**Exercise objective:**
As soon as the line containing "Mooie slaapkamer met" appears in the material below, start returning lines exactly, and end with the line containing "Pet&Love. ペットのお墓 天然石製".
※ ※ ※
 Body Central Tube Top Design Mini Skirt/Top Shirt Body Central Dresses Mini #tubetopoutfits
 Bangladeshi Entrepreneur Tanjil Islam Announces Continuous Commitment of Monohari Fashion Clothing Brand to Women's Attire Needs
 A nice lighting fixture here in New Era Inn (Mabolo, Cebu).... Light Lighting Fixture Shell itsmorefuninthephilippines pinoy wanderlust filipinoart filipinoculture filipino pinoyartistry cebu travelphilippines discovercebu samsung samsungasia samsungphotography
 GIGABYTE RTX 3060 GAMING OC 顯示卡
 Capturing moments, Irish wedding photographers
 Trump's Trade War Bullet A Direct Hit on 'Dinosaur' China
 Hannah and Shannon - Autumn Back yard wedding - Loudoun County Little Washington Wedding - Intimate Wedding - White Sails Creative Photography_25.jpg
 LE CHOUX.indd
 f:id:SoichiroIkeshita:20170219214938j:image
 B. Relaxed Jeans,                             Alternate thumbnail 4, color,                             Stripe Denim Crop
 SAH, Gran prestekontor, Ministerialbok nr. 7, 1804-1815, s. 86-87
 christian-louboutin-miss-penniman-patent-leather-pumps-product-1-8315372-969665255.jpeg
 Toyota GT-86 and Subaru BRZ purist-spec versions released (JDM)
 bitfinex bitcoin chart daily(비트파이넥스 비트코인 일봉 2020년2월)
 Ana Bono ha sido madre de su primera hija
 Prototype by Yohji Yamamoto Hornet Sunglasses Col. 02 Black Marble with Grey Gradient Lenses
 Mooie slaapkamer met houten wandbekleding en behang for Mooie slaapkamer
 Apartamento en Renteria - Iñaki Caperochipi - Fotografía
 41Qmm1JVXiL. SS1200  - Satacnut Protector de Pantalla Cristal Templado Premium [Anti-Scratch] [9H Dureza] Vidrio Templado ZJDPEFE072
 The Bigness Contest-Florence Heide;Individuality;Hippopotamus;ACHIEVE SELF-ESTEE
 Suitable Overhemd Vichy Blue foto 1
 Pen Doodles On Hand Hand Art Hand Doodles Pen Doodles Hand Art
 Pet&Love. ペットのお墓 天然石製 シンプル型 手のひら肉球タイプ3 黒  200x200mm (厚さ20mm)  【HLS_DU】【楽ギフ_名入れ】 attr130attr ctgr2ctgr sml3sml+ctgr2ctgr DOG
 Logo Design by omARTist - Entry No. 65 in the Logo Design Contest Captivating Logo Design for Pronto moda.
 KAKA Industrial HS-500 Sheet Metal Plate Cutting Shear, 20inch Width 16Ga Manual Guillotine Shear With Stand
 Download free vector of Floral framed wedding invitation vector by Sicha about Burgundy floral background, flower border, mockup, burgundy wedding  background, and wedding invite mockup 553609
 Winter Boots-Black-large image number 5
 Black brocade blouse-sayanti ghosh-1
※ ※ ※
**Response to this exercise:**
 Mooie slaapkamer met houten wandbekleding en behang for Mooie slaapkamer
 Apartamento en Renteria - Iñaki Caperochipi - Fotografía
 41Qmm1JVXiL. SS1200  - Satacnut Protector de Pantalla Cristal Templado Premium [Anti-Scratch] [9H Dureza] Vidrio Templado ZJDPEFE072
 The Bigness Contest-Florence Heide;Individuality;Hippopotamus;ACHIEVE SELF-ESTEE
 Suitable Overhemd Vichy Blue foto 1
 Pen Doodles On Hand Hand Art Hand Doodles Pen Doodles Hand Art
 Pet&Love. ペットのお墓 天然石製 シンプル型 手のひら肉球タイプ3 黒  200x200mm (厚さ20mm)  【HLS_DU】【楽ギフ_名入れ】 attr130attr ctgr2ctgr sml3sml+ctgr2ctgr DOG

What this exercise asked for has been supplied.